The club won eight premierships during the 1970s including First Grade in 1975. Norths also toured Singapore and Malaysia in 1970 (7 games), England and Wales in 1973 (7 games), USA West Coast in 1976 (6 games) and England, the Netherlands, Belgium and France in 1977 (8 games). By 1981 when, unhappily relegated to Second Division, Norths stood fourth on the list of premierships won in all senior grades in the First Division.

There was no doubt that Norths were unlucky to be relegated in 1981. Even though the club went down, it still won the Fourth Grade Premiership. The criterion then was based on the First Grade team and Norths had a disastrous year, scoring only four wins and a draw.

Norths were relegated with Hornsby, despite being just one point behind Sydney University and, in the club championship, was actually ahead of Warringah, Sydney Uni, St George and Hornsby.

Norths went on to win the Sydney Rugby Union (second Division) Club Championship in 1986, 1987 and 1988. Finally, after winning it again in 1989, Norths won promotion back into First Division.

However, also during this period the Club undertook two overseas tours. In 1984 there were 6 games against teams in England, Scotland, Wales and Ireland. The club returned to Europe at the end of the 1988, with fixtures in England, France, Belgium and Italy. Some described it as an arduous four-week tour.

In the eight years out of Sydney's top division through the 1980s, Norths won 12 premierships including three in first grade as well as four club championships.

In addition to those grade rugby successes, a tremendous effort was made to develop the Colts and 12 premierships were won in various grades, which formed a sound basis for the return to First Division.

===1990s===
In its first year back, 1990, Norths finished eighth out of 11. In 1991 North's fourth-grade players were semi-finalists and its second-grade Colts were premiers —a first-ever senior Colts win.

The season also saw North's first addition to its Australian honours list since 1979—Richard Tombs was selected in the victorious Wallaby World Cup squad. But he had to wait until 1992 to play his first two tests, against Scotland, at home.

The 1993 season saw seven teams reach the semis, with Reserve Grade and Colts Seconds and Thirds winning premierships. There was also an overseas tour to the US, playing games in Los Angeles, New Orleans and New York.

1994 saw the merger of North's two clubs (licensed and rugby). The Alfred Street properties were disposed of. The club purchased and moved to Christie Street, St Leonards location. Third and Fourth Grade won premierships that year, as did the Second Grade Colts.
Richard Tombs won the inaugural Sydney Morning Herald 'Rugby Player of the Year Award' in 1995, with Nick Harvey being the youngest winner of the AAMI Medal. Fifth Grade won a premiership, and the club toured France, Belgium, Germany and UK at the end of the season.

1996 saw the beginning of professional rugby.

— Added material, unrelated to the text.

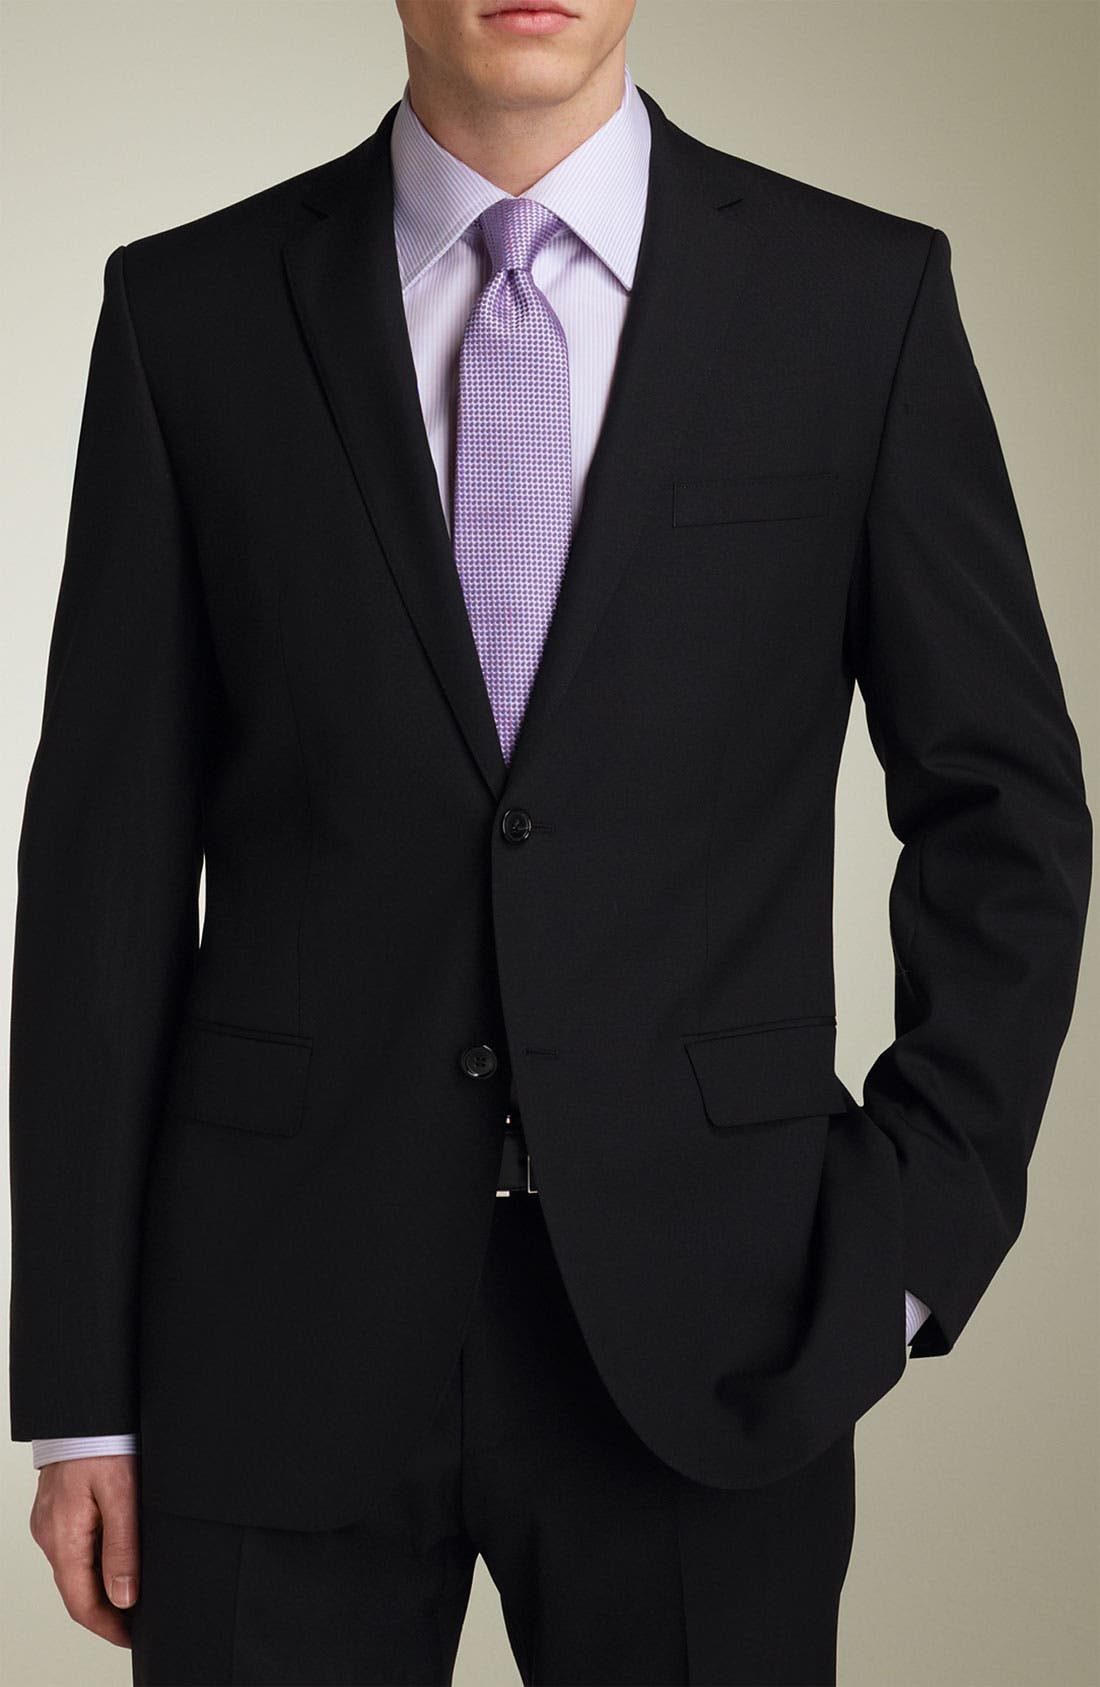 Alternate Image 1 Selected - BOSS 'Jam/Sharp' Trim Fit Black Virgin Wool Suit

Sixth Grade won the Premiership which was the final year that grade was run in the premier competition.

In 1997 the Club lost its Patron and Honorary Life Member, George Marshall. The same year, members voted to change the club's accounting year to close on 30 June annually.

1997 also saw the arrival of Dennis Brown of New Zealand as head coach attracting such players as the 'bushwackers' dean et al. Plus a contingent of northern hemisphere players such as Fintan 'clinton napkin' Godkin, Linus 'why was I invited to the 1st grade trail' Mortlock the party even included Welsh legends Barry John and Carwyn James. David McComisky and Andrew Jackson later left the Norths. During that period, the club recorded profits from its bar sales, which were used to fund new equipment and uniforms. The 1998 season proved to be the renown since 1975 with a string of notable statistics. These included all five grade teams in the Grand Final, winning Second and Fifth Grade premierships. Norths won The Herald Club of the Year Award, and Michael Sykes the Club Player of the Year.

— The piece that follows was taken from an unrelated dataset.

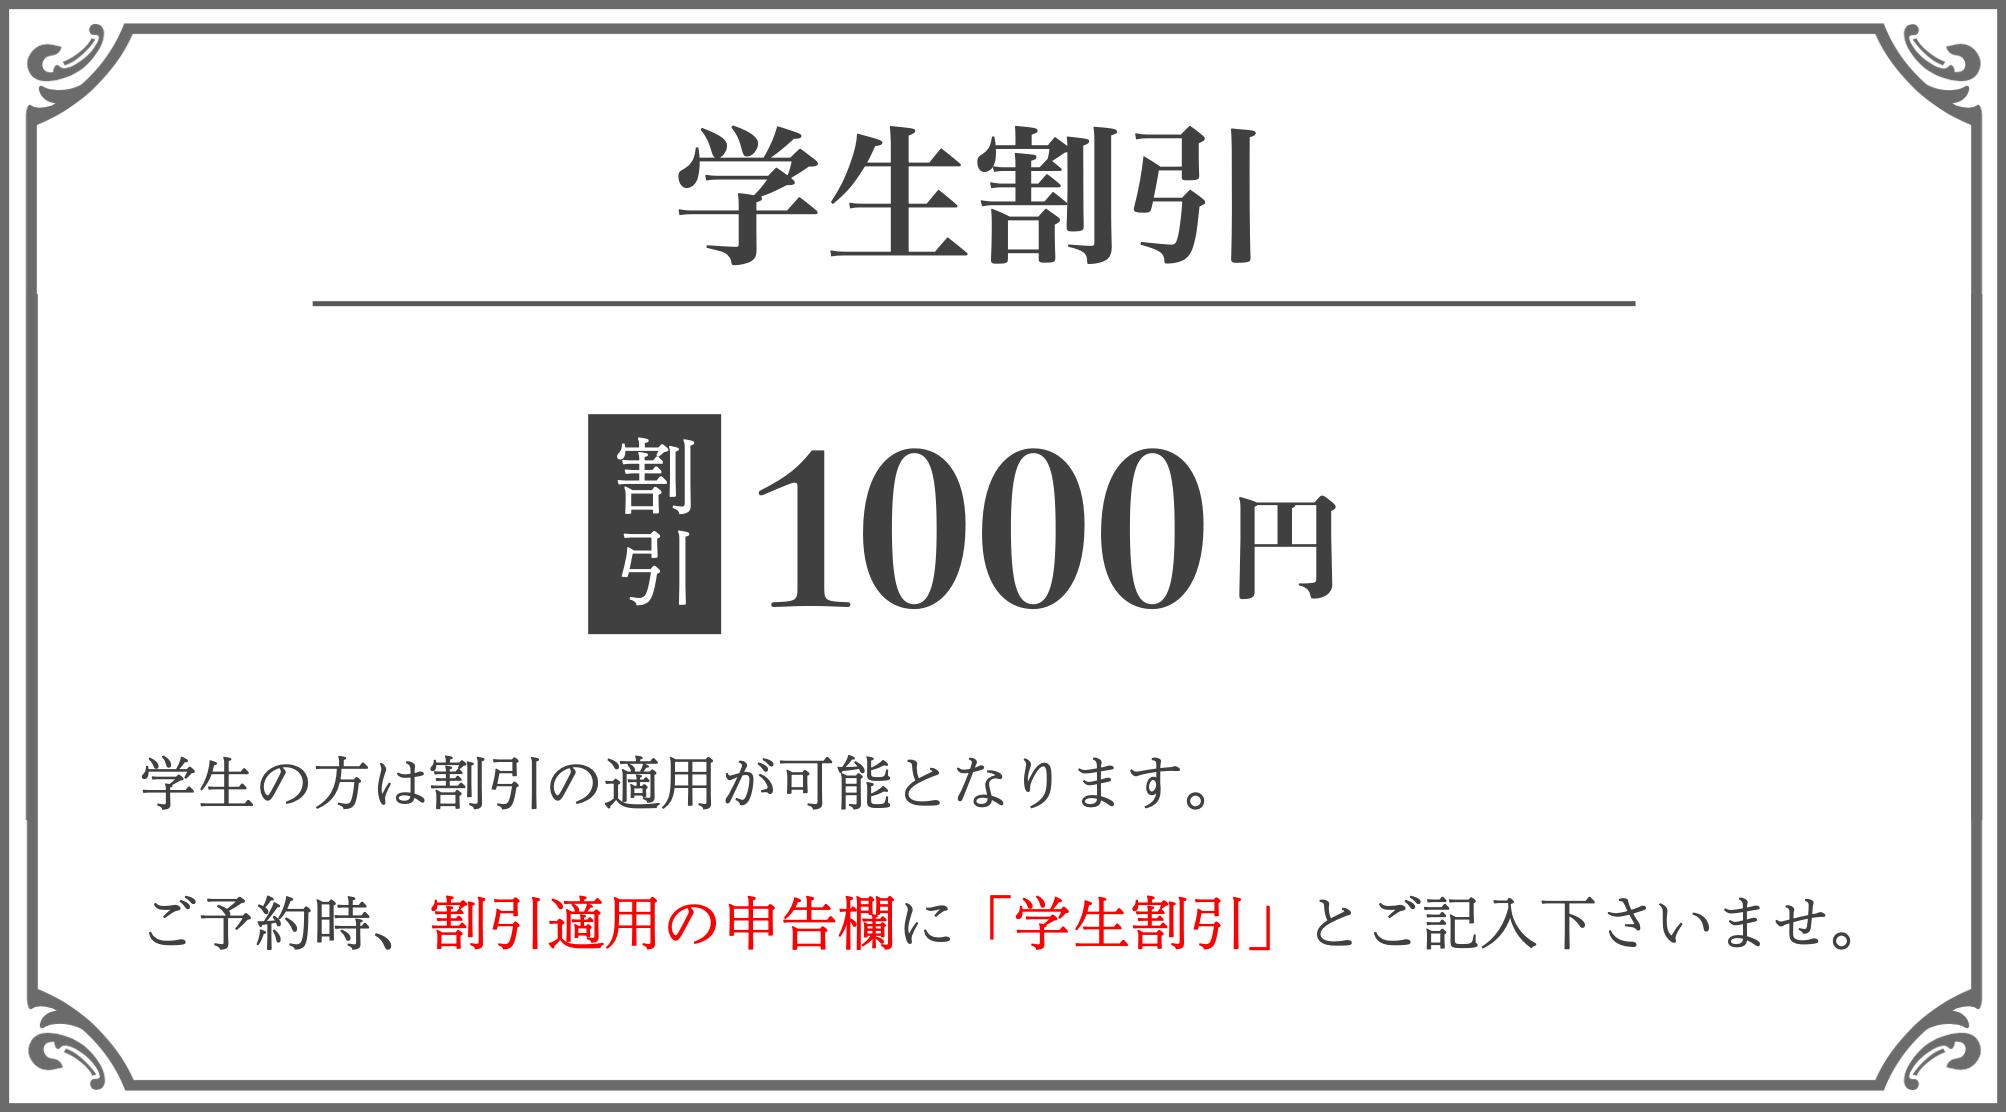 20200317102708

Keith Gleeson won the Ken Catchpole Medal (Best & Fairest) in 1999, and at season's end a Club team toured Spain and Portugal. The 90's saw quite a number of players achieving representative honours. Jim Allen, Dominic Vaughan, Mick Kearins, Rod (Rambo) Clark, Sam Domoni, Richard Tombs, Mark Bell, Nick Harvey, Darren Junee, Keith Gleeson and Graeme Bond all played for the N.S.W Waratahs with Bond also playing at the ACT Brumbies in 1999 with Troy Jaques and former 1991 N.S.W Waratah Craig Wells. The representative careers of Ben Darwin and Al Baxter also began to emerge.

===2000s===

The year 2000 saw Northern Suburbs celebrate 100 years with the Norths Centenary Dinner, a black-tie affair at the Wentworth Hotel with over 300 people in attendance.

The 2001 rugby highlight was obviously the success of the first-grade team securing the minor premiership for the first time since 1960. The season also saw the Wallaby debuts of Ben Darwin and Graeme Bond, with Al Baxter and Francis Cullimore gaining Super 12 contracts.

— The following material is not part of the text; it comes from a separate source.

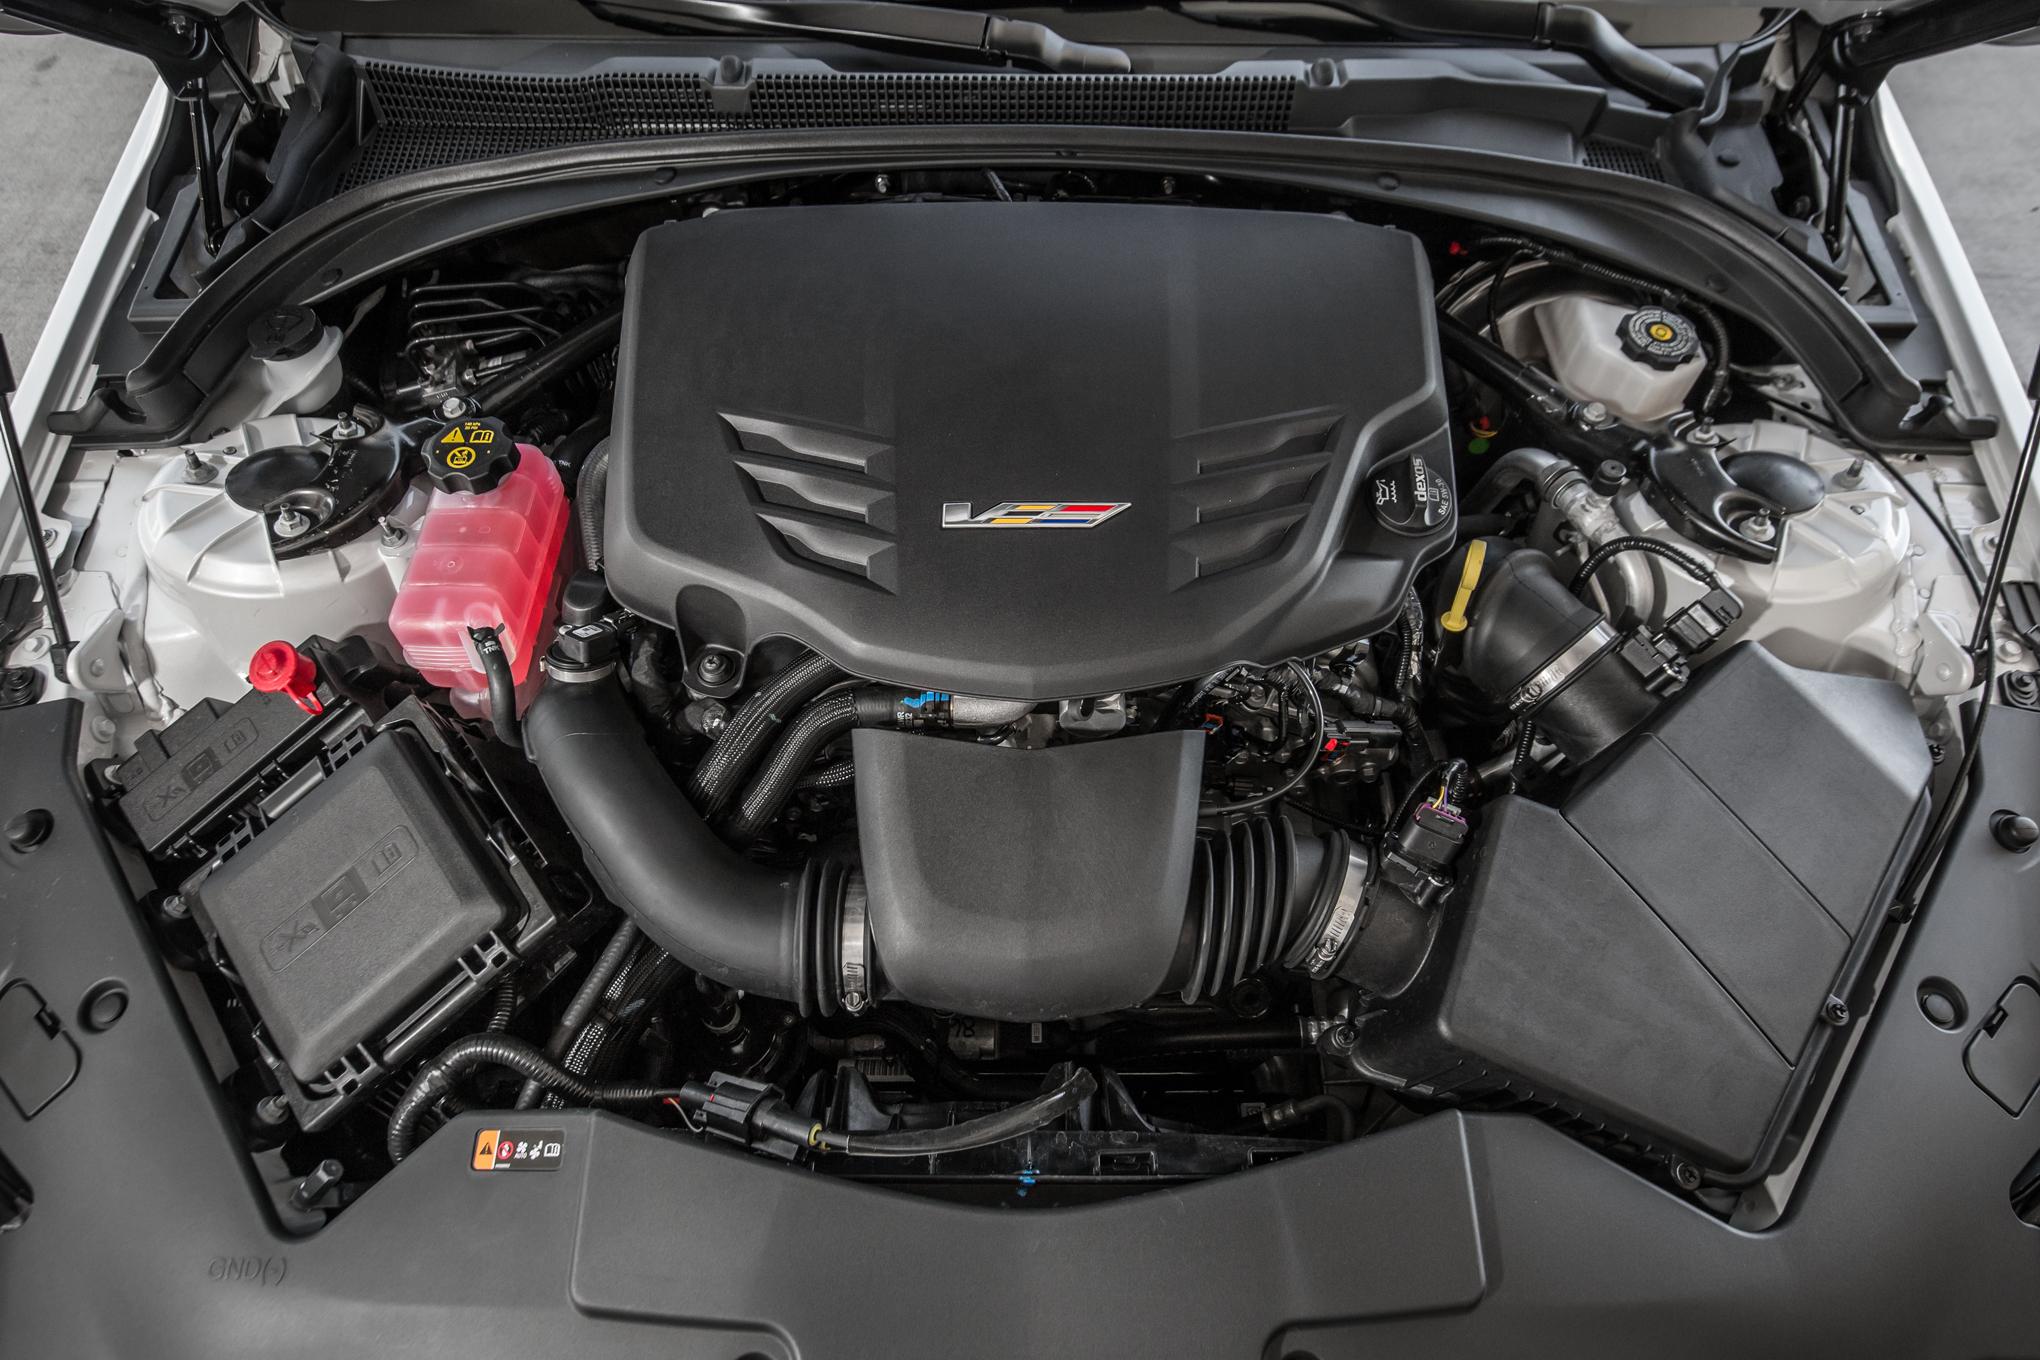 Cadillac CTS Engine

During the year the Bon Andrews Bequest was established with the $25,000 he left to the club. This money is used to provide educational assistance to talented young players. During the year Vince Arena created a little more history for the club by playing his 300th match for Norths, and on retirement is second only to Bon Andrews in club games.

Fifth Grade won the John Thornett Cup in 2002, and First Grade Colts made it to the grand final for the first time since 1977. Milton Thaiday and Lachlan McKay were offered Super 12 contracts, and First Grade finished second in the Shute Shield, and sixth in the inaugural Tooheys New Cup.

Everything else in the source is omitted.